Where he’d gotten his start-up funds after graduation had been another conundrum.
But that had been over a decade ago, when they’d been teenagers in upper school. Now, most of Maxence’s friends were running billion-dollar corporations and a few were running countries, while the scholarship kids were still fighting their ways up the ladders of life and sometimes succeeding.
Only Maxence’s set had called them “the scholarship kids.” The staff at Le Rosey referred to them with the derogatory term “the charity cases,” but they’d had a different name for themselves, sort of a club name.
Maxence couldn’t quite recall what it was. He hadn’t been admitted.
“Hello, there. What’s going on, Twist?”
The sonorous voice startled Maxence, and he glanced back toward the door they’d come in.
A tall blond man stood there, peering in. Max knew that as he got closer, his pale eyes would shimmer like opals with flecks of teal and violet.

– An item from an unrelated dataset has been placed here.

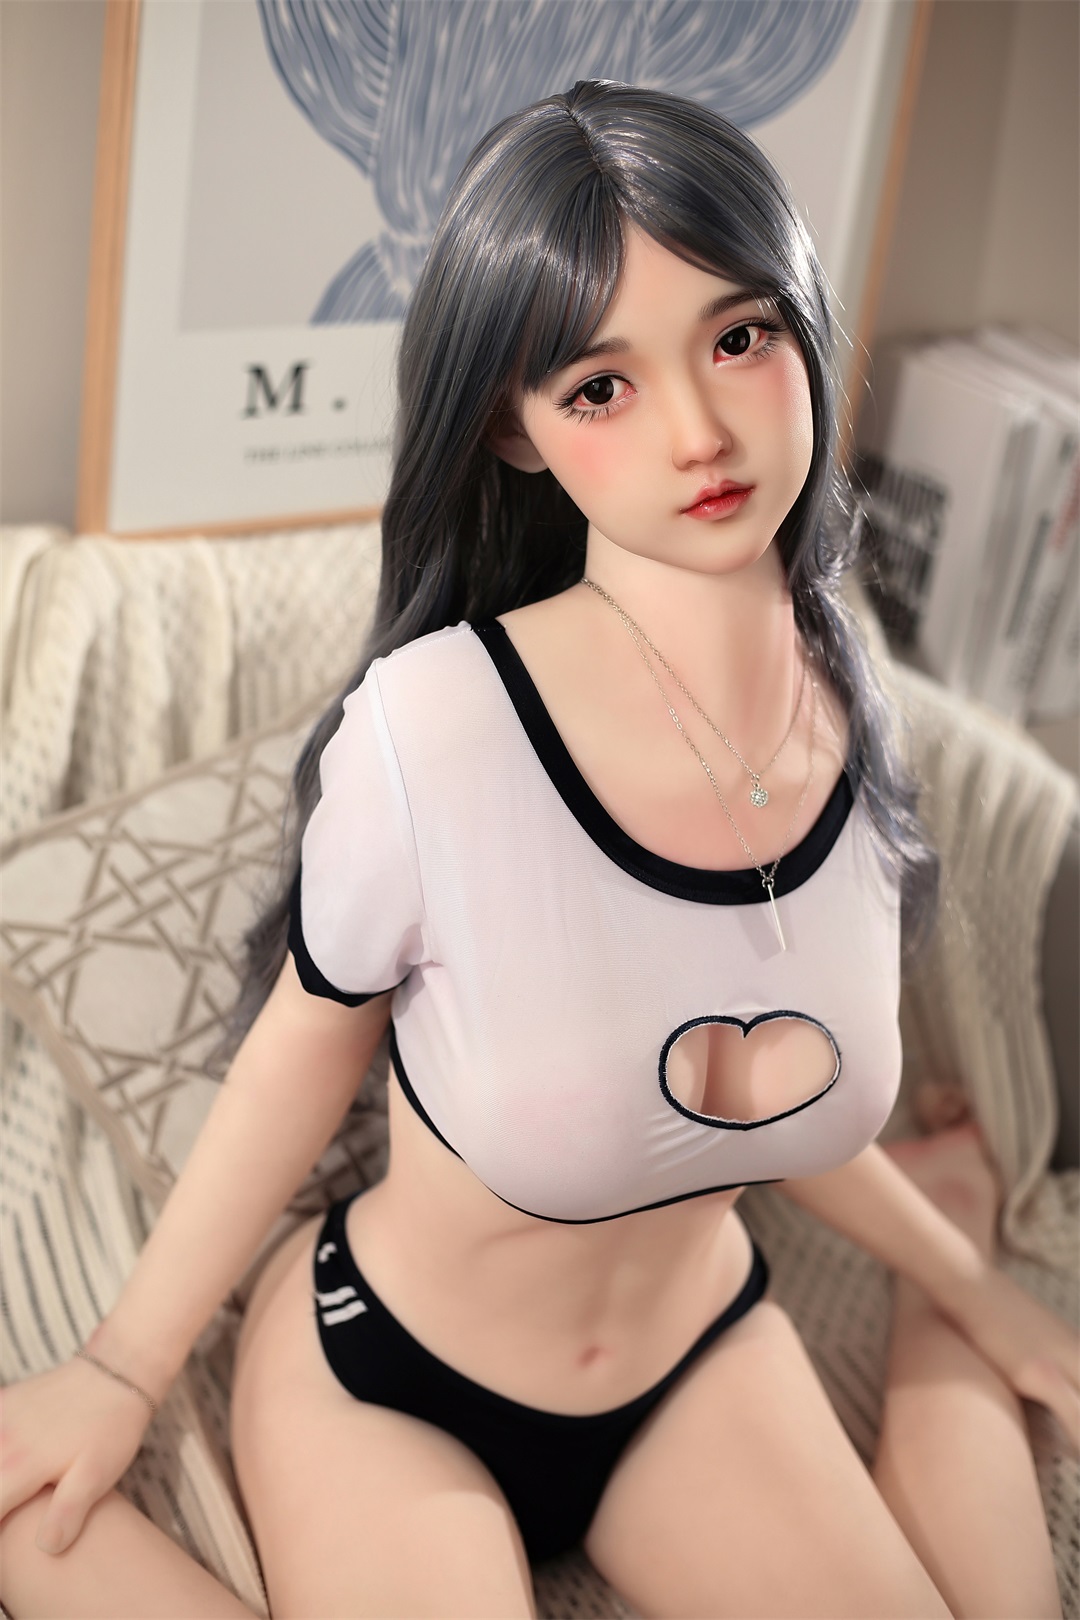 MESE Doll丨157cm(5ft 1) Small Breast Silicone Head Sex Doll - Fay

“Micah?” Trained by decades of sheer courtly habit, Maxence walked to the rear of the room with his hand outstretched to shake. “The last time I saw you was at that soiree at Versailles. Did the gentleman invest in your opportunity?”
“Yes, he did,” Micah said, clasping Maxence’s hand but still looking puzzled. “Thanks for that, Maxence. Are you all right? I saw what happened at the Sea Change Gala last night.”
From near the computers, Twist called back, “Micah, come on inside. You can contribute to this. We’re looking for Maxence’s secretary. She went missing last night and hasn’t been heard from since.”
“Oh, Jesus. Max, I’m sorry.”
Twist kept talking. “Luckily, she has his cell phone with her, and we’ve got a signature off the SIM card, so we’re waiting for a ping off of a cell phone tower to locate it. In the meantime, though, is there any way you could hook up with some of your special projects to see if we can get a lead on her? I can hack into the Grimaldi Forum security cameras, but I don’t have facial recognition software.”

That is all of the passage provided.